■ **Collected data**:
-- Opening Marker --
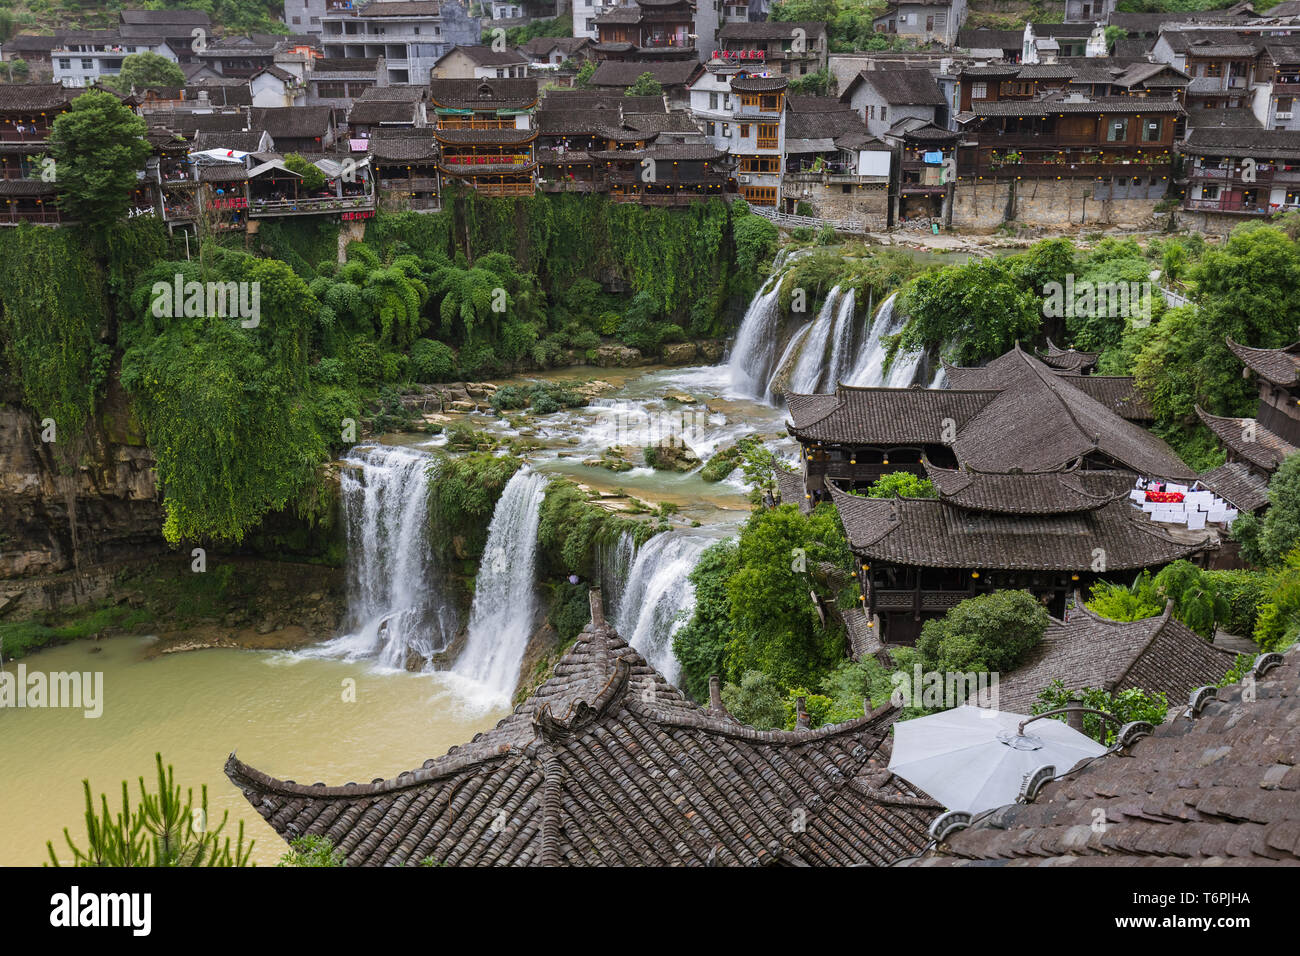 Furong ancient village and waterfall - Hunan China Stock Photo
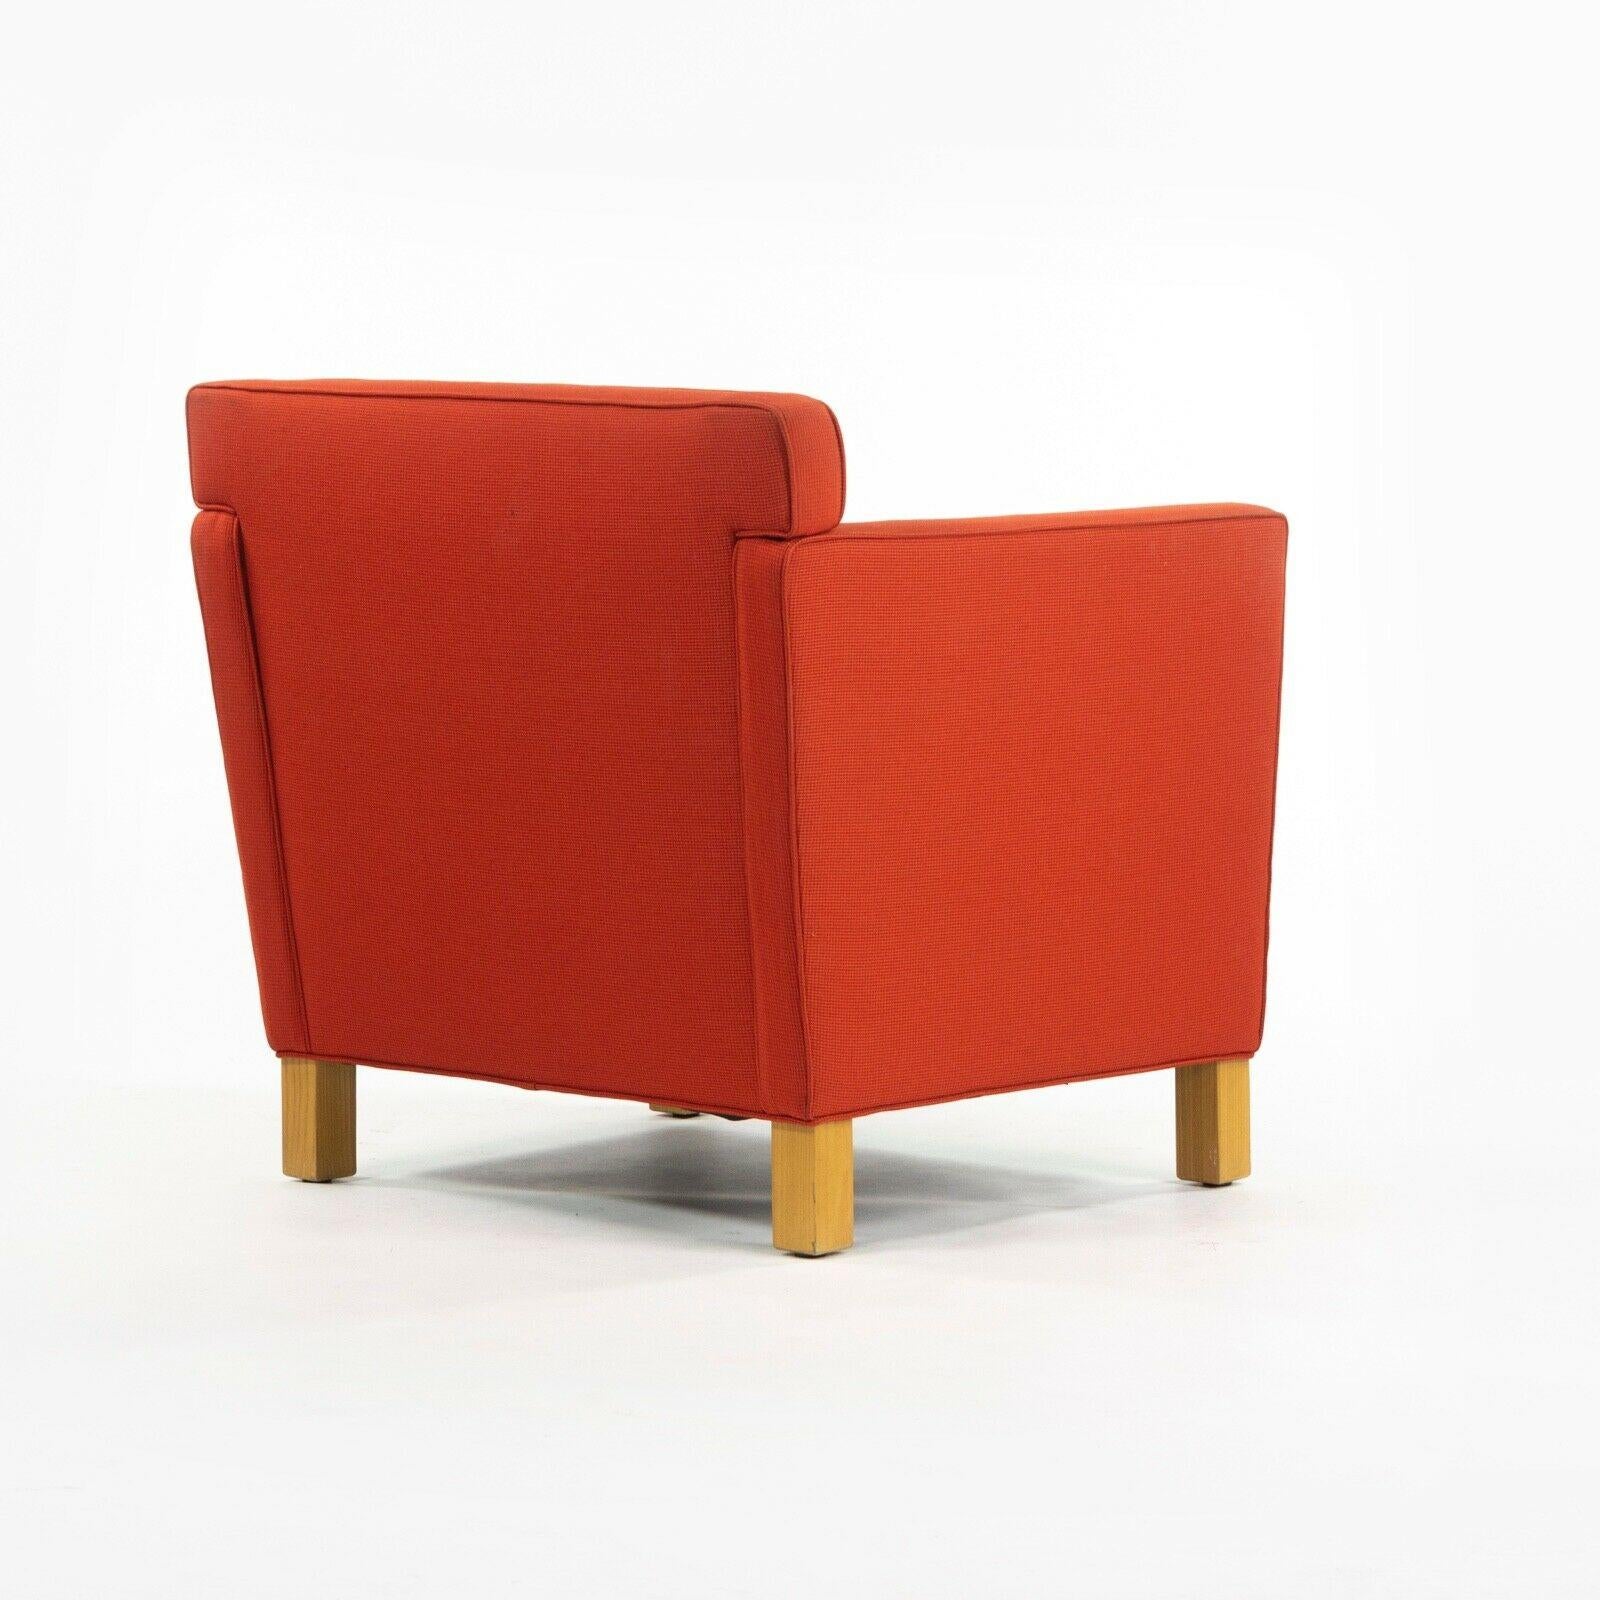 American 2010s Pair Original Knoll Mies Van Der Rohe Krefeld Lounge Chair Orange Fabric
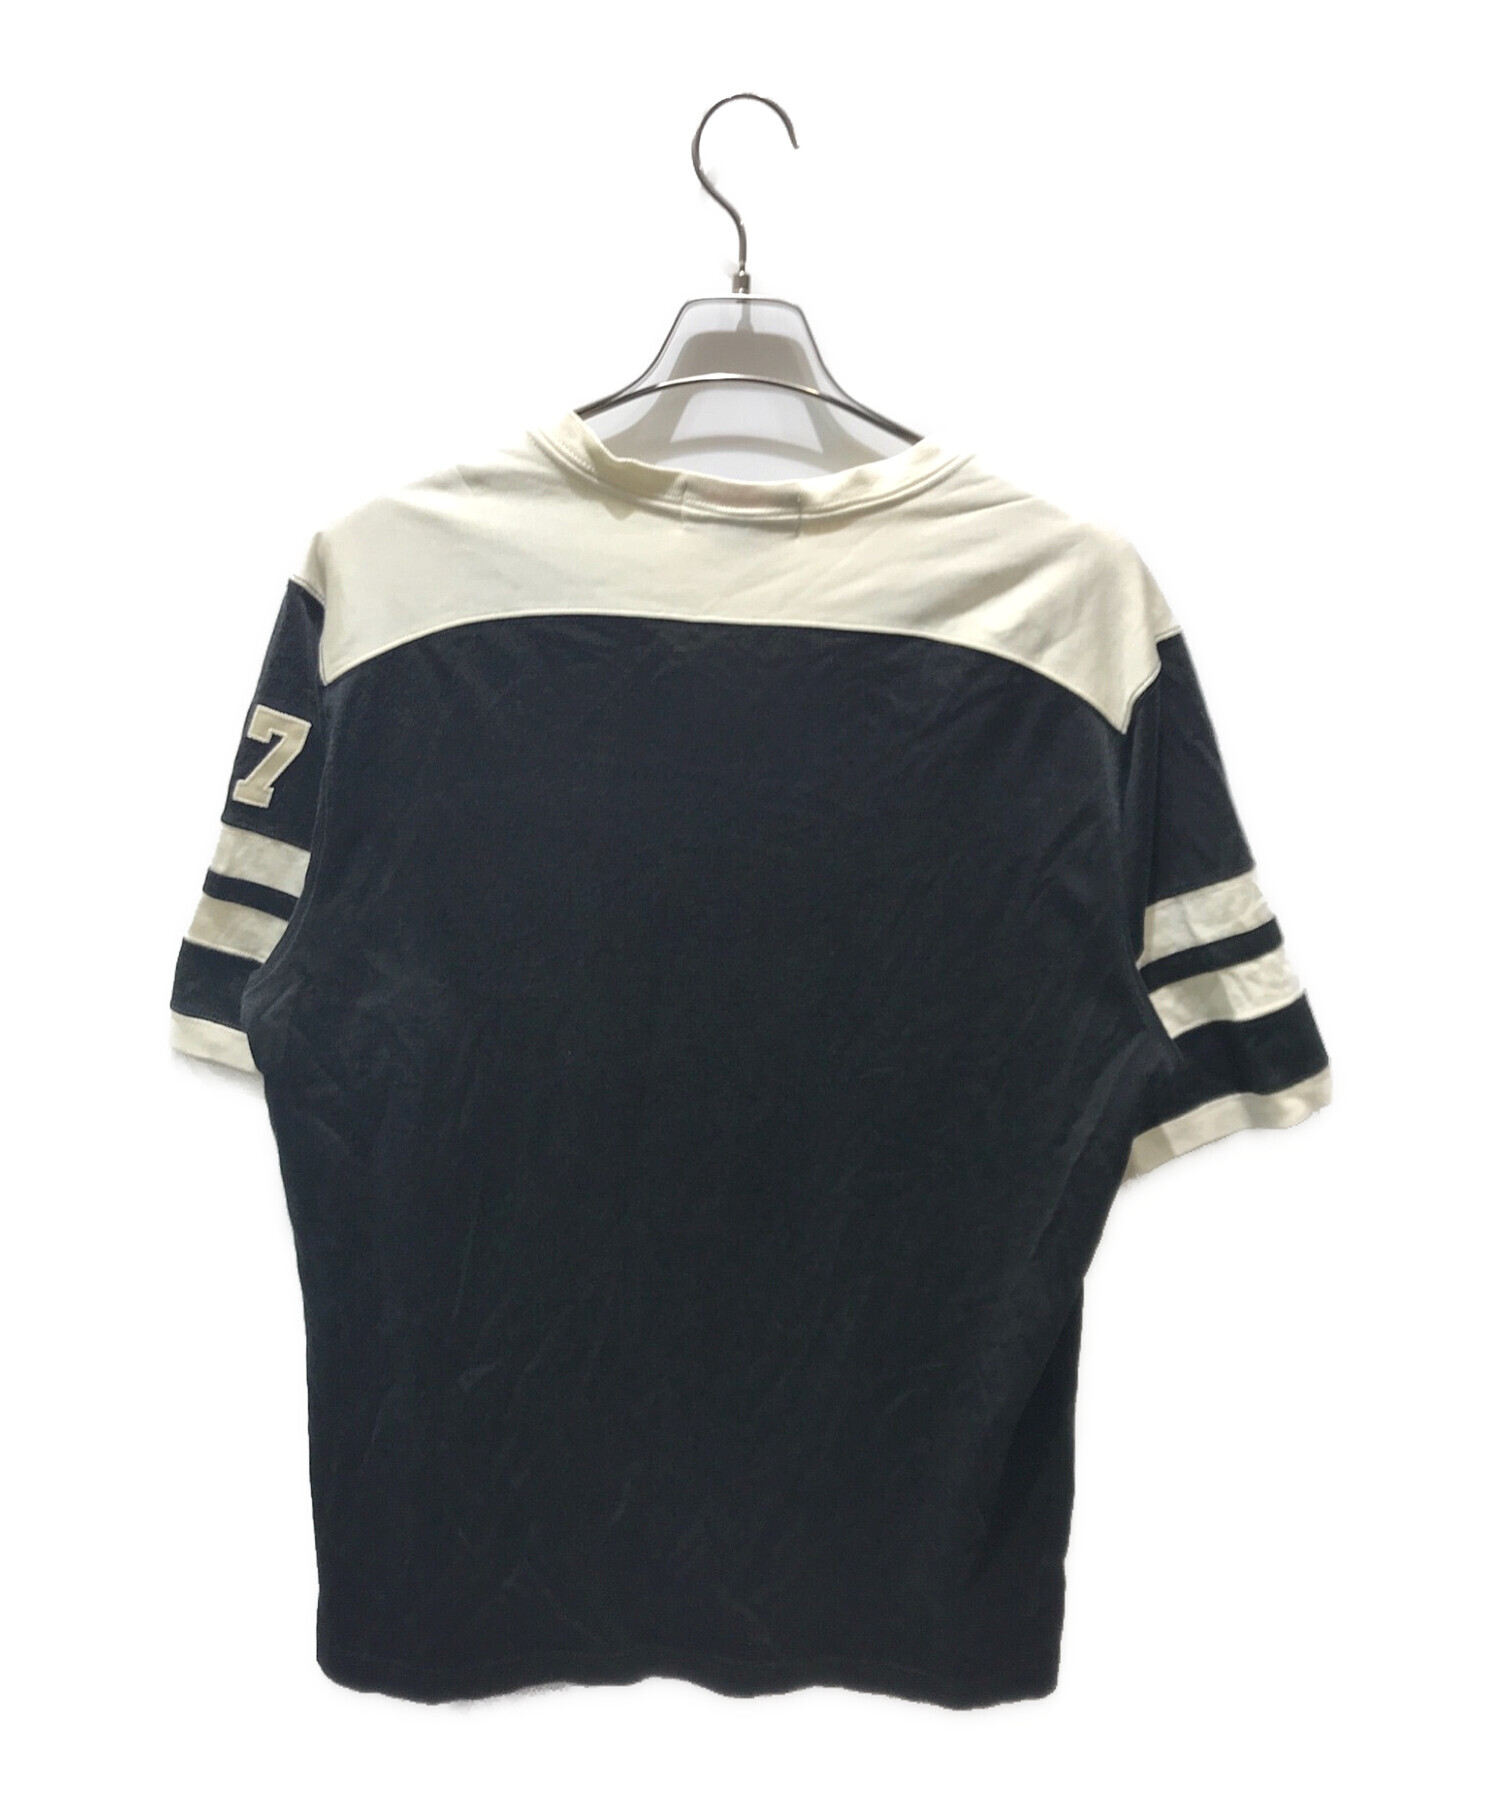 POLO SPORT (ポロスポーツ) Tシャツ ブラック×ホワイト サイズ:XL
-- Closing Marker --
■ **Task instructions**: With the images removed, write out all of the material above exactly.

■ **Response box**:
 Furong ancient village and waterfall - Hunan China Stock Photo
 American 2010s Pair Original Knoll Mies Van Der Rohe Krefeld Lounge Chair Orange Fabric
 POLO SPORT (ポロスポーツ) Tシャツ ブラック×ホワイト サイズ:XL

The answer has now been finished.